Opening Address by OPEC Secretary General

Delivered by HE Mohammad Sanusi Barkindo, OPEC Secretary General, at the First OPEC-AFREC Technical Meeting, 6 October 2020, via videoconference.

Ladies and gentlemen, colleagues,

OPEC and I personally have been waiting a long time for this day to come! A dialogue between African countries and OPEC has been in the making and we are very much excited to be opening this first OPEC-AFREC Technical Meeting.

I am thrilled to see my home continent finally take its seat and bring its voice to the dialogue table. We are privileged to have Dr. Ibrahim, the Secretary General of APPO, as a guest of honor and a veteran of the oil industry who also spent many years at the OPEC Secretariat.

A recommendation was made back in February 2019 that a technical partnership between OPEC and AFREC could be beneficial.
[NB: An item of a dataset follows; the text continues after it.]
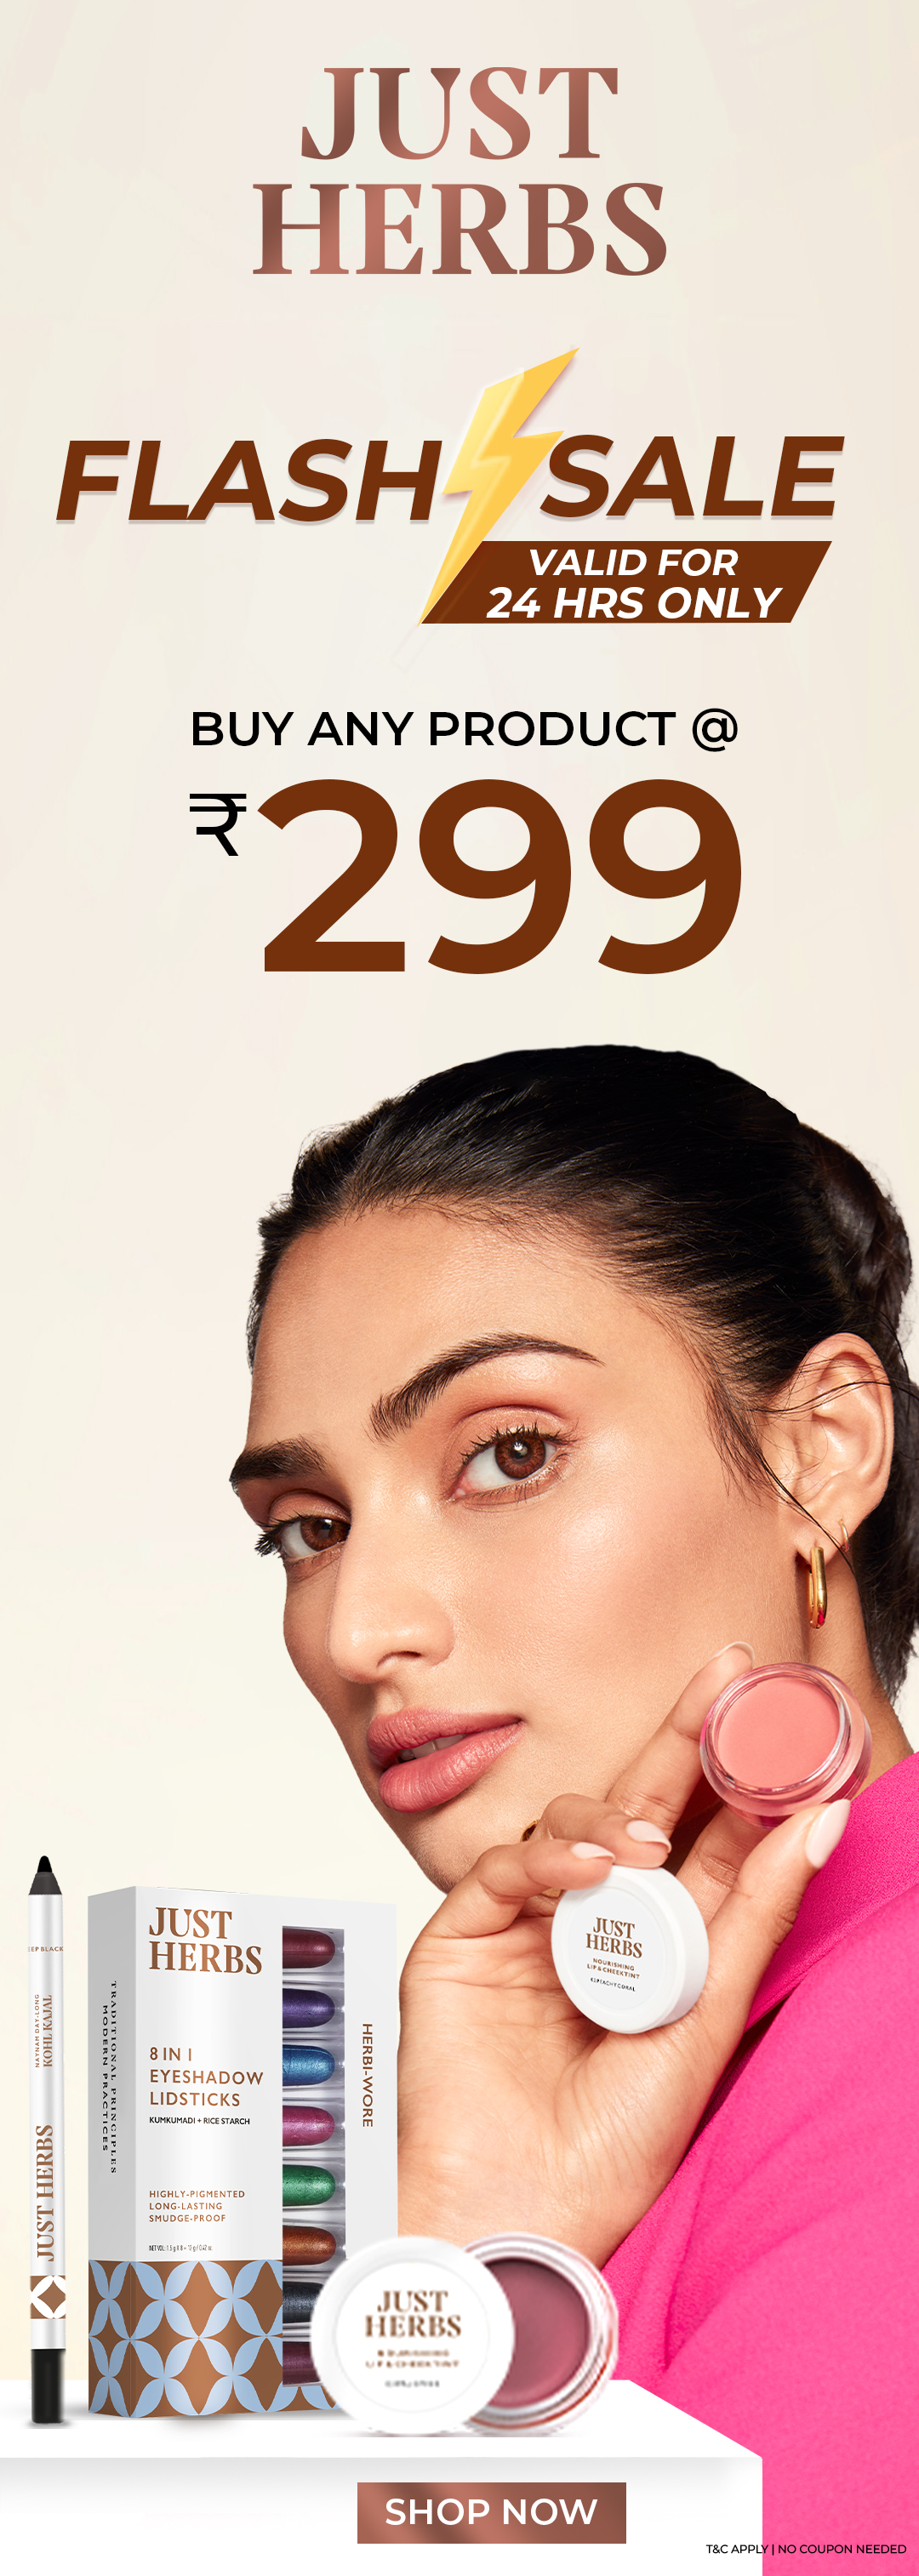 Buy Any PRODUCT at 299 - Flash Sale

It was stated at that time that this would also support OPEC’s medium- and long-term goals regarding energy poverty eradication and the continued use of conventional oil.

Thus, this meeting is the starting point of what we hope will be constructive and regular dialogues with various African entities. Arrangements are ongoing for a similar technical meeting with the African Petroleum Producers Organization (APPO) and the 1st OPEC-Africa high-level meeting, all under the newly established OPEC-Africa Energy Dialogue. OPEC is ready to go forward in a structured way to further this initiative, thus we attach special importance to this inaugural meeting! Others will follow suit soon this year.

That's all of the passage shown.